Beginner question

V

vul

Although I'm pretty comfortable with VB6, I never did anything in Word,
except of course simple things such as creating a document, formatting,
saving, printing etc.
Now I have a request from my boss as follows:

1. In Word document at the beginning should be placed a set of controls -
several check boxes and several option buttons.
2. After these controls there are several blocks of text.
3. The only person have the ability to change selections, and after
selection is made and the document is saved, other people cannot see
controls and the blocks of text which were hidden by the person who made
selection.

In other words - there is a document like a template with all available
blocks of text. Customized copies of this template are created from this
template.

Any idea where do I start?

Thank you
Al
 
J

Jay Freedman

Although I'm pretty comfortable with VB6, I never did anything in Word,
except of course simple things such as creating a document, formatting,
saving, printing etc.
Now I have a request from my boss as follows:

1. In Word document at the beginning should be placed a set of controls -
several check boxes and several option buttons.
2. After these controls there are several blocks of text.
3. The only person have the ability to change selections, and after
selection is made and the document is saved, other people cannot see
controls and the blocks of text which were hidden by the person who made
selection.

In other words - there is a document like a template with all available
blocks of text. Customized copies of this template are created from this
template.

Any idea where do I start?

Thank you
Al

Hi Al,

Since you want both check boxes and option buttons, I'd recommend
building a userform -- a custom dialog box -- that's launched by an
AutoNew macro in the template. This macro runs automatically when you
use File > New to create a document from the template.
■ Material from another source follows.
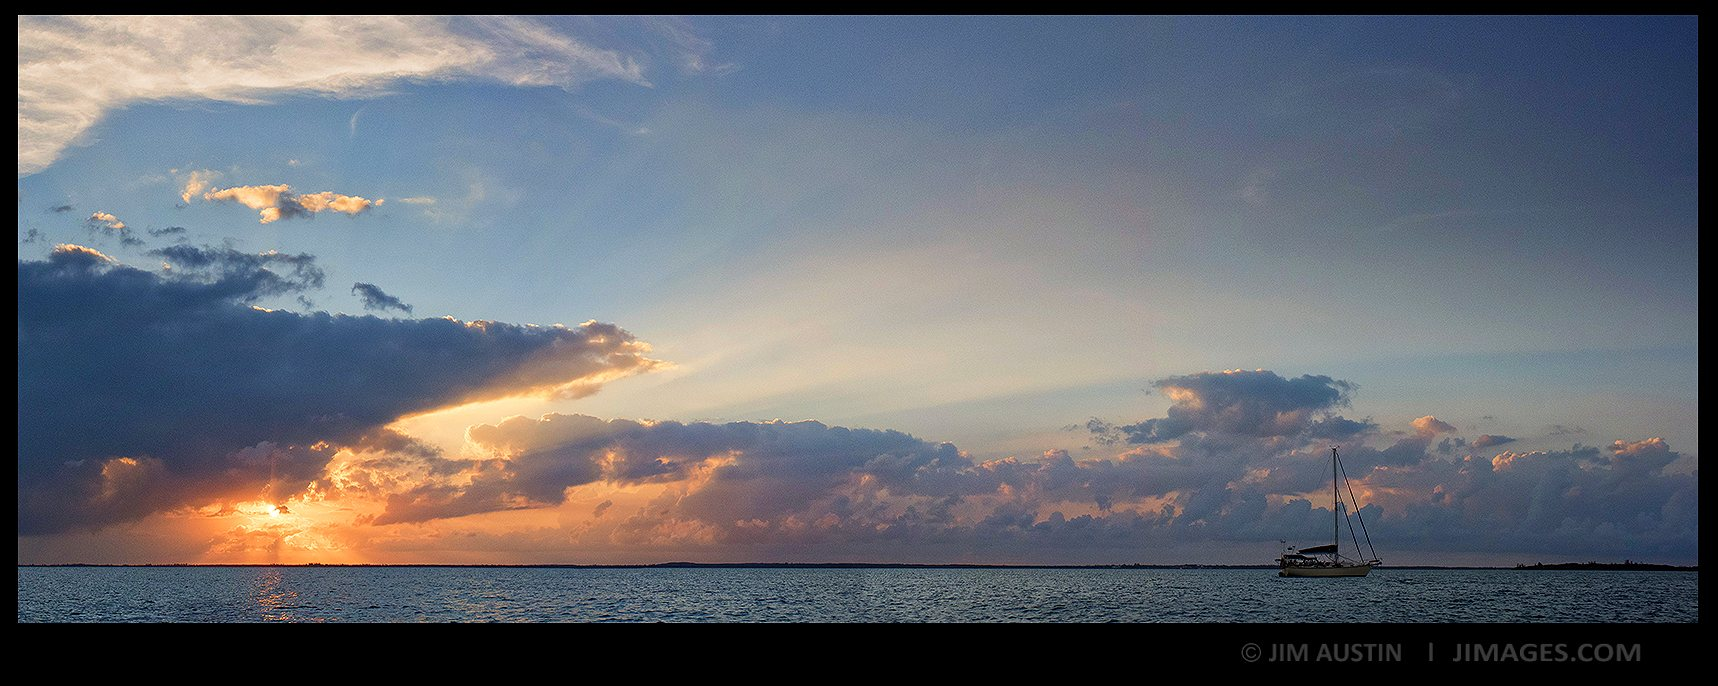 panorama-simple-life-jim-austin-jimages
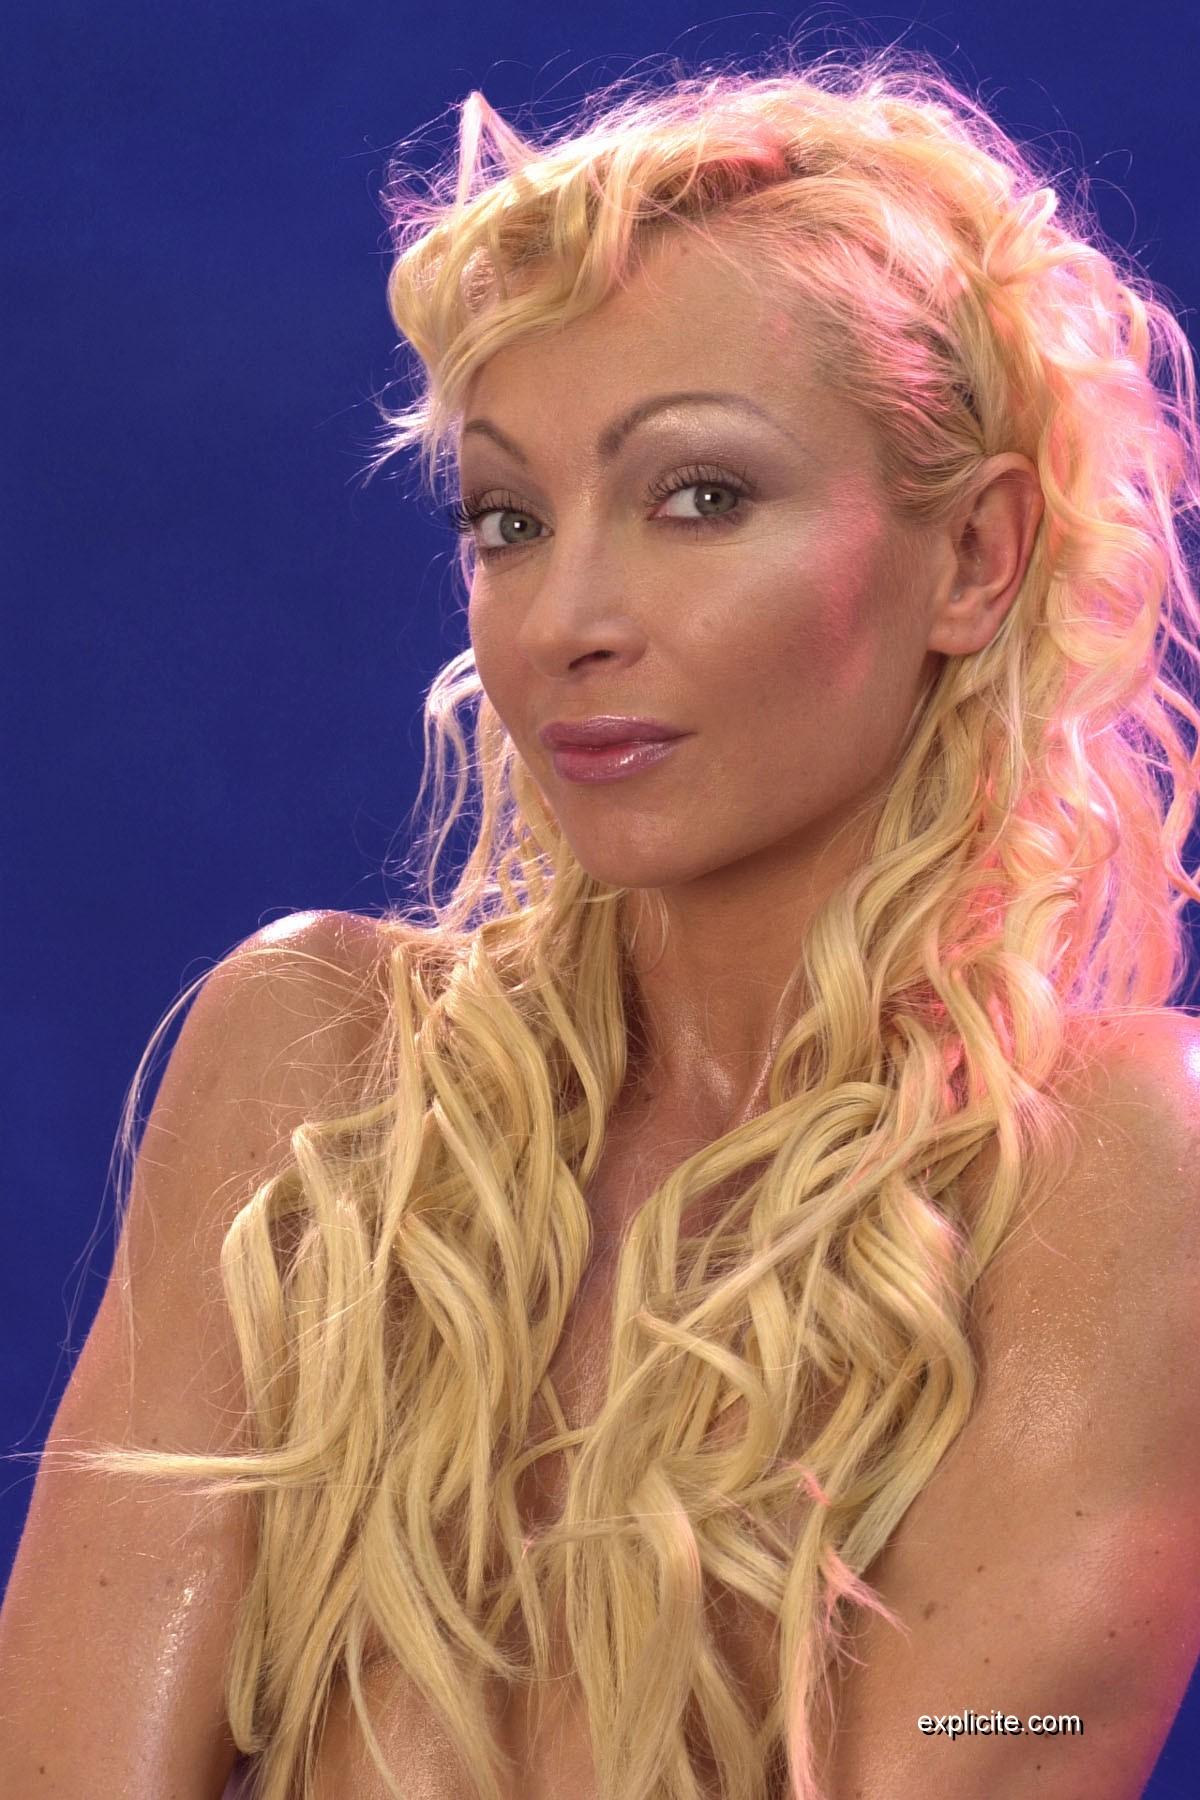 Adalina perron histoires de sexes 2009 - 1 part 2

The userform can have all sorts of controls in it, and macro code
associated with them to make sure the selection of information makes
sense and nothing has been omitted. The code attached to the OK button
then does all the work in the document to assemble the right parts.

You can choose either of two ways to make the document. One is to
store the building-block segments of text in AutoText entries in the
template, and the userform code can insert those blocks into an
initially empty document. The alternative is to have all the possible
segments in the body of the template, covered with bookmarks, and have
the userform code delete any blocks that aren't needed. The AutoText
method works better if you need to alter the order of the blocks from
one document to another.

Once the document is saved and disconnected from the template, there's
no chance of someone else running the userform and changing the
selection -- it's just a document, containing whatever was put there.
 
V

vul

Thank you very very much.
I tried your suggestions and it looks like this is exactly what I wanted.
I just did not know that there is such a feature as UserForm.